The picture I’ve recently started forming is the Dystopian Underground Community from the science fiction genre: The Haves live near the surface, in the Silo’s highest levels, blessed by light and air (and attention). The Have-Nots live below, garnering less and less light from the source, instead inheriting the castoffs and scraps dropping from the levels above them. The Upper-Midlevels can still see the light clearly, pretending that they are not dependent on the goodwill of the Haves for access, and pretending that there are not hundreds of levels of population below, struggling for life.

Tunnel

The residents in the Midlevels are used to life in the twilight, move in their circles of family and friends, and have grown to believe that making a life from the hand-me-downs from above is normal. They know of the lower levels, they depend on services that the residents there provide from time to time, but are convinced that either life there is not so bad, the residents are living in the dark by choice, or the worst: believe that they have earned the right to the light, rather than being born to it, and those below somehow don’t deserve access.
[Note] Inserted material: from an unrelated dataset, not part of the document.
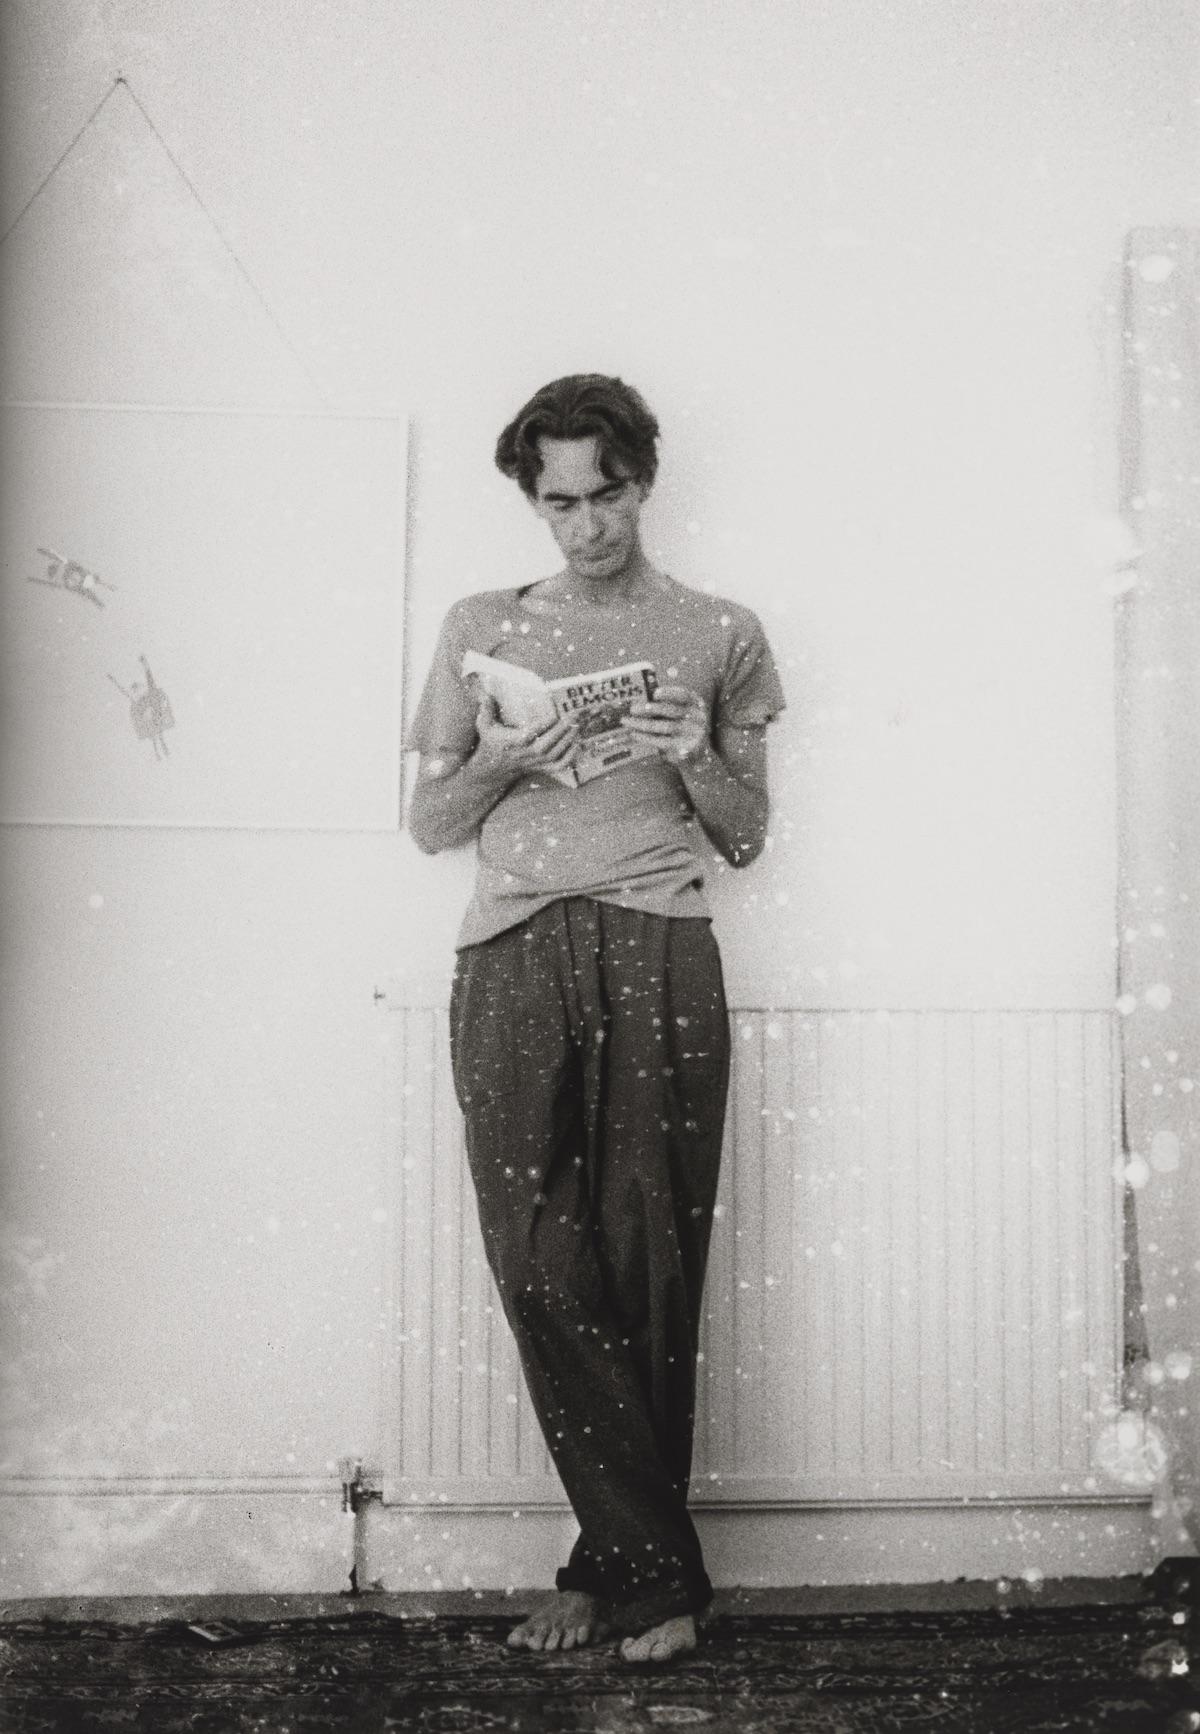 Ossie Clark David Gwinnutt National Portrait Gallery Before We Were Men Gay Queer London

The further one’s social circle gets from the dominant Haves, the deeper into The Below, the harder life in the silo becomes. The Below is rife with roving gangs of trolls, descending even from the Midlevels where they live in relative comfort, to harass and abuse the citizens struggling to make ends meet on the scraps of attention and spaces left to them by the Haves and those in The Above. The trolls have little to fear from The Below, save the reminder that they too are Below - somon else. And perhaps it is that thought that drives them to stand on walkways and corners, hurling insults and petty self-justifications at the passing residents.
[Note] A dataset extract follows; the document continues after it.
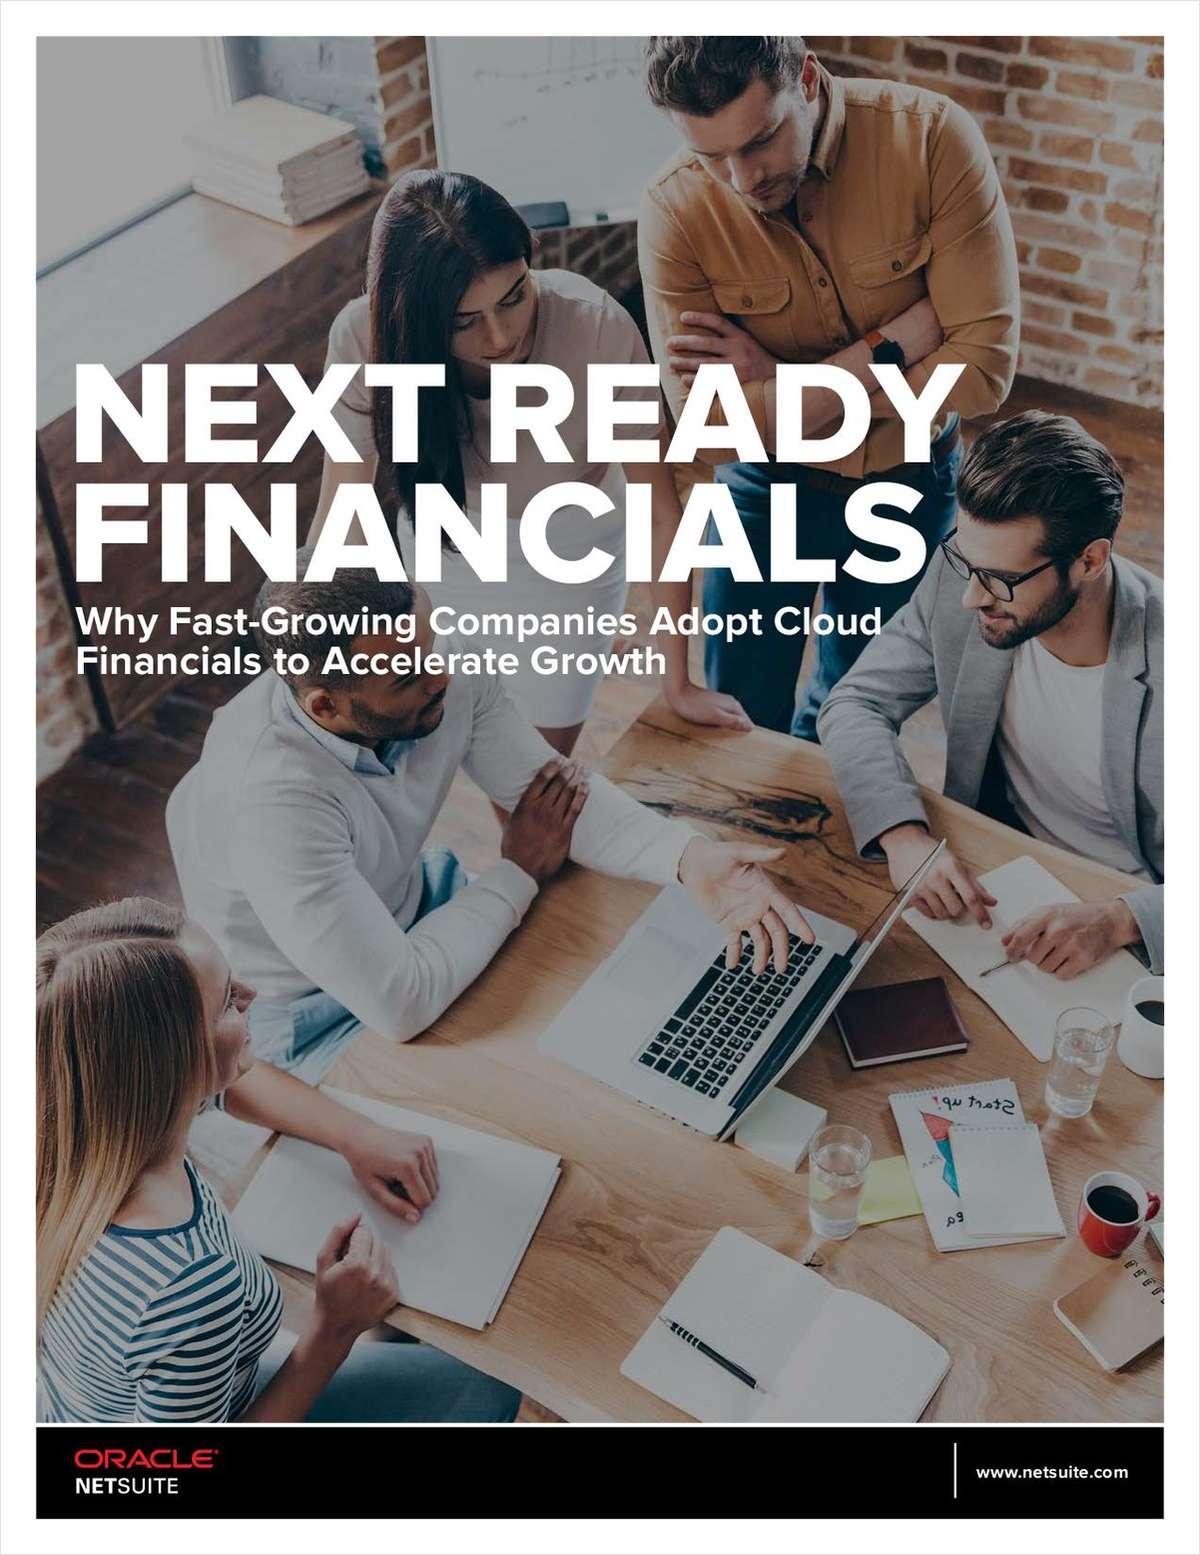 Next Ready Financials for Software & High Tech Businesses

The Silo is a terrible place for those not born into, or assigned to, the upper levels. Fortunately, there is hope: The federated Colonies…

The Colonies

Out on the surface, separated from the Silo, a new set of colonies is being built. Each colony is self-sufficient, with resources for every inhabitant, and attention to spare. Some are small - just a few tens or hundreds of inhabitants. Others are massive, home to hundreds of thousands of residents. Here the domed and towered structures bask in the light, with a vitality and energy long since lost in the Silo.

Domed colonies

The colonies are home to nearly a million former residents of the Silo. Some still descend into the Silo to visit family, friends, and invite others to the colony. Some have moved permanently, homesteading a new network of sheltered structures here. These colonies are a federation - communication and residents move freely from one to the other, local administrators making sure that their respective codes of conduct are maintained, provide space and facilities for the residents, and coordinate relationships with the other colonies. Residents find a colony of likeminded individuals, and can move from colony to colony as desired, with some paperwork to transfer residency.
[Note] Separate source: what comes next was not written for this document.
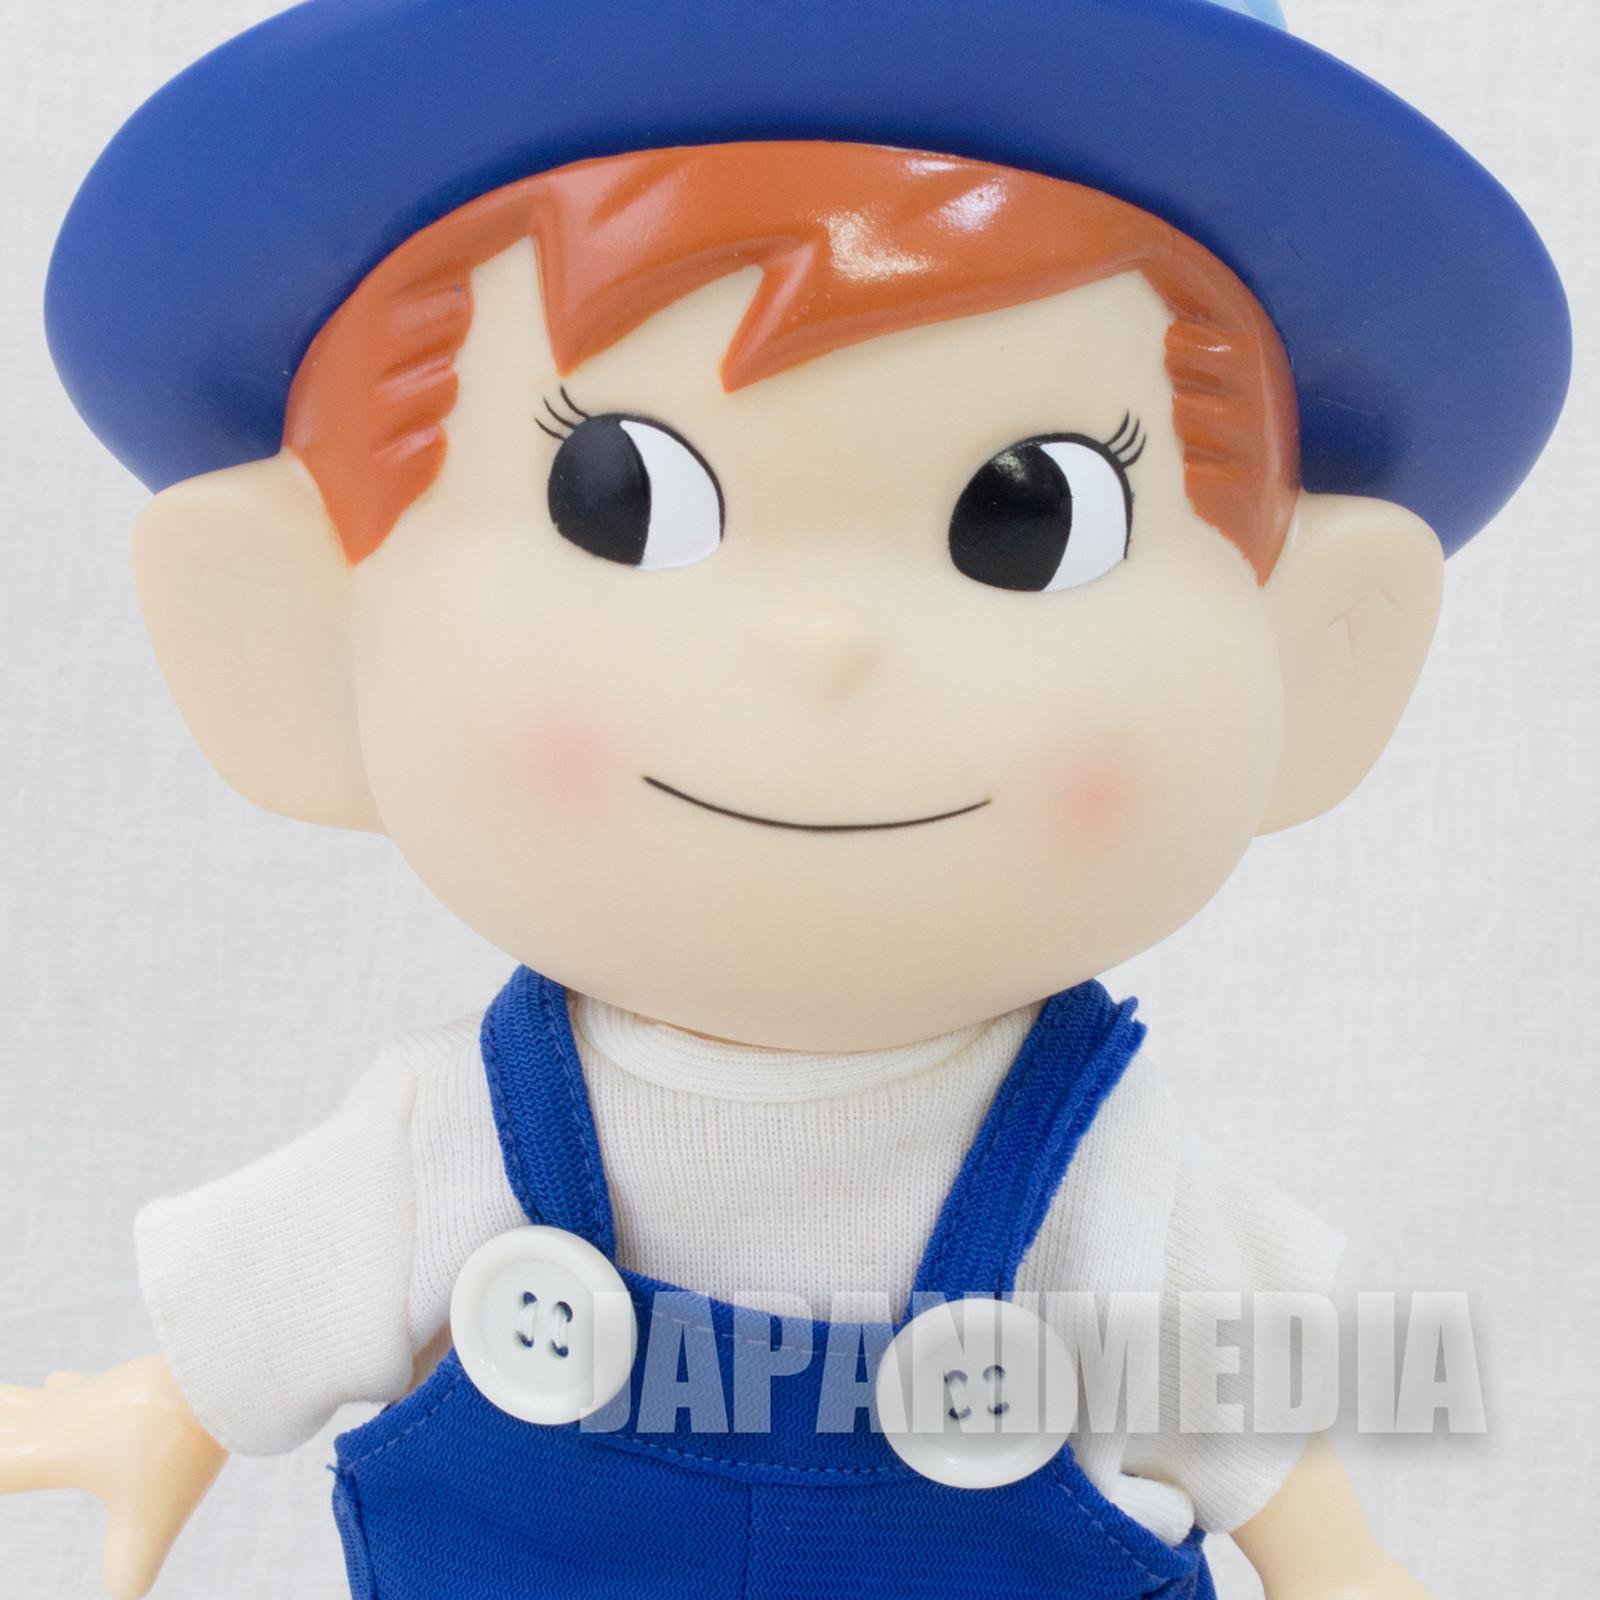 "Milky Candy Peko-chan POKO Soft Vinyl Figure 9.5"" FUJIYA JAPAN ANIME"

This isn’t a utopia; there are always disagreements - we’re human after all - and adminstrative conflicts have led to colonies disassociating with one another. But here on the surface they are free to do choose their connections, joining and leaving the federation as desired.

Leaving the Silo

If Twitter and Facebook are the Silos, blessing the privileged while taking advantage of the Outsider and the Other, the Colonies can be found in the federated web, the open social networks - sites like Mastodon, Diaspora, Friendica, and GNU Social.

Mastodon in particular has established itself as a viable alternative to the murky depths of the Silo. With a million-plus users spread over more than a 1000 instances, each server, or colony, is a full-fledged social network, with users posting, sharing, following, and liking each other’s content. But more than that, each user can remotely follow users in other servers, bringing new viewpoints and content into their space.

A federation of servers

Is a migration to federated social media sites going to break the power fo the Silos? No. There are enough users happy to be near their friends and family, or eager to harangue and harass those in The Below, while jealously eyeing The Above.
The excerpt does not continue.